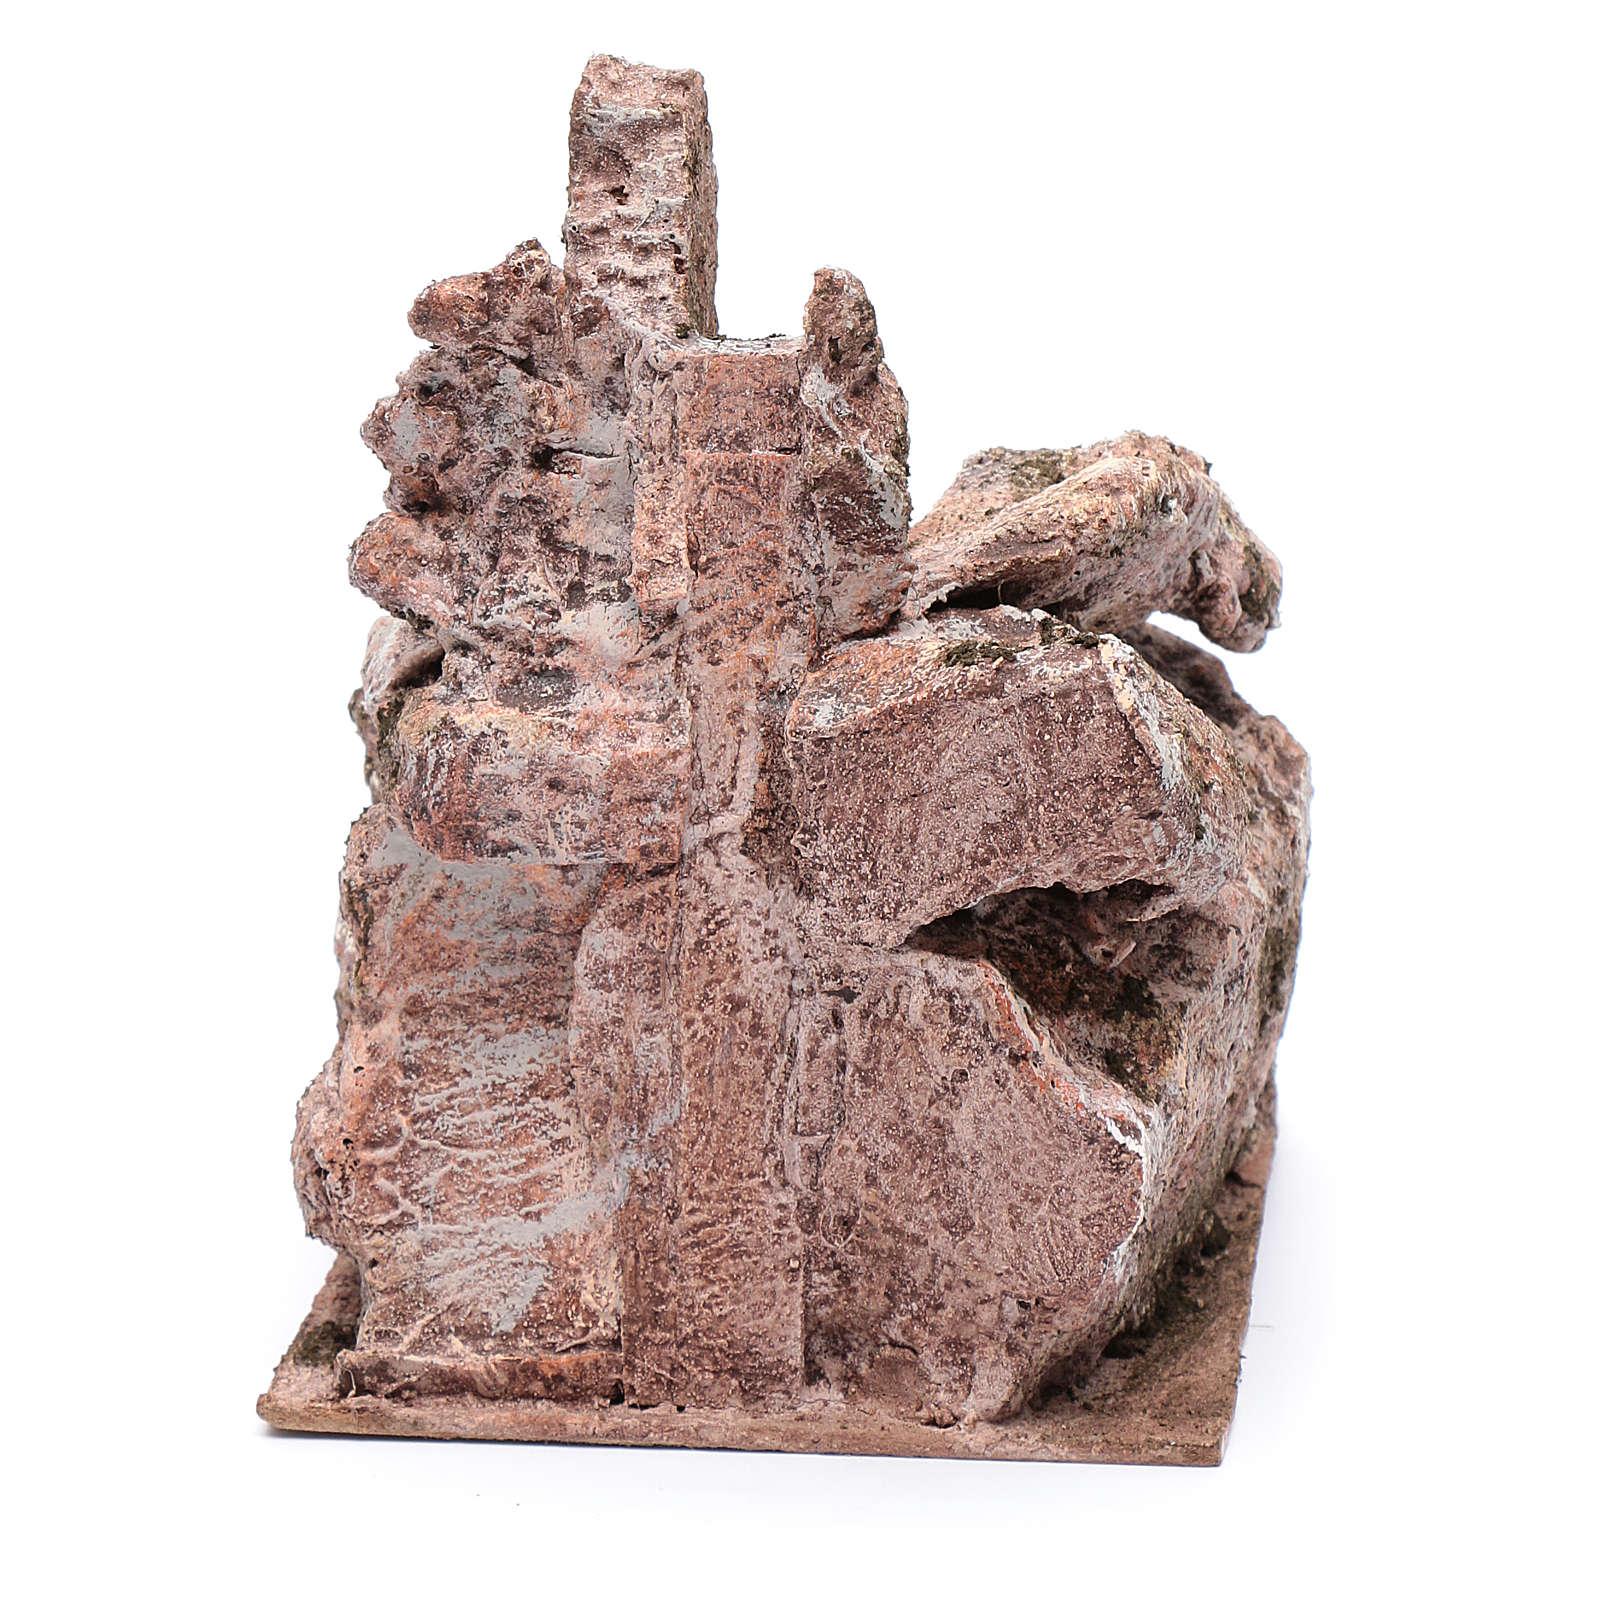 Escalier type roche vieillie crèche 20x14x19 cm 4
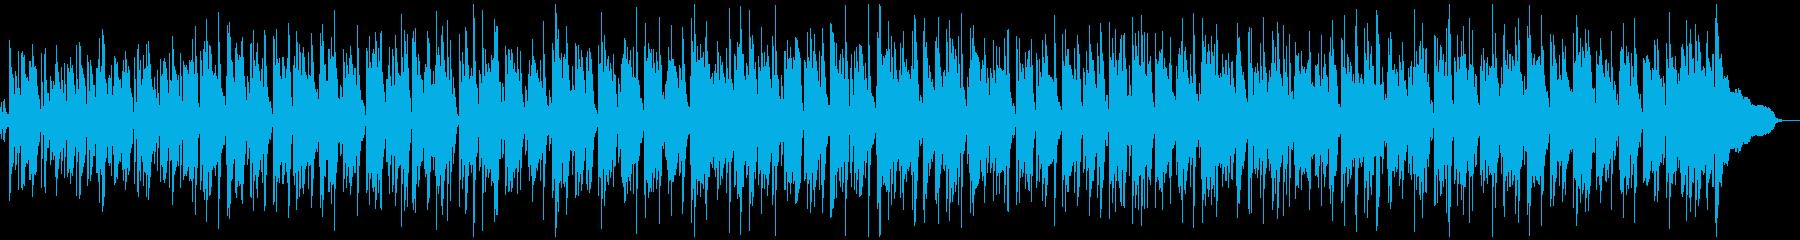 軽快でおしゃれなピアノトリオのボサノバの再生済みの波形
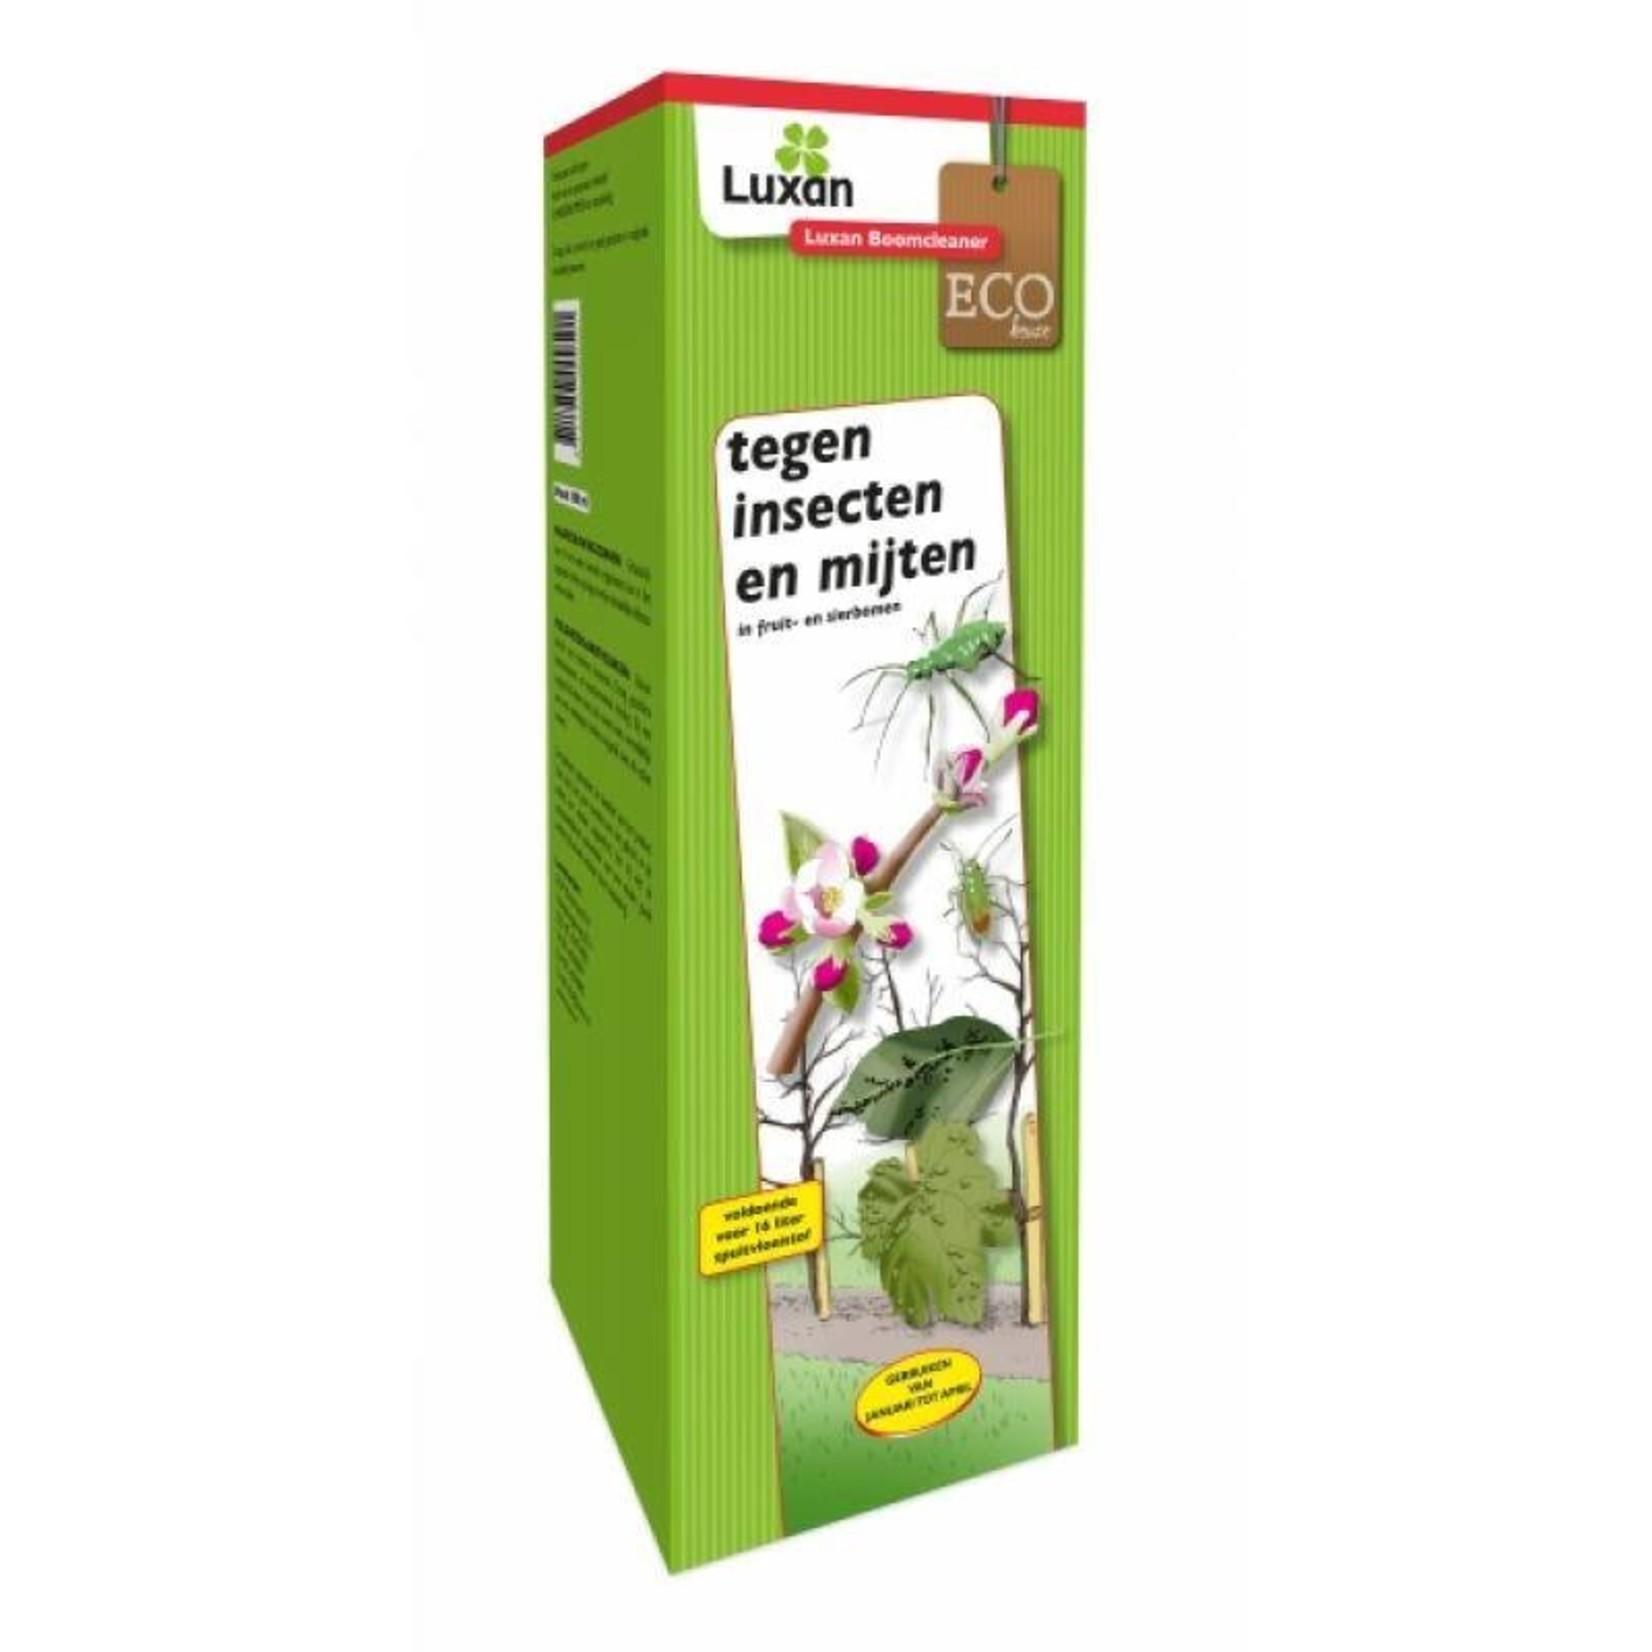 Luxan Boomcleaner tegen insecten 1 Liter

* * * *

TASK GOAL: Copy every line above word for word and exclude the pictures.

TASK RESULT:
 Escalier type roche vieillie crèche 20x14x19 cm 4
 軽快でおしゃれなピアノトリオのボサノバの再生済みの波形
 Luxan Boomcleaner tegen insecten 1 Liter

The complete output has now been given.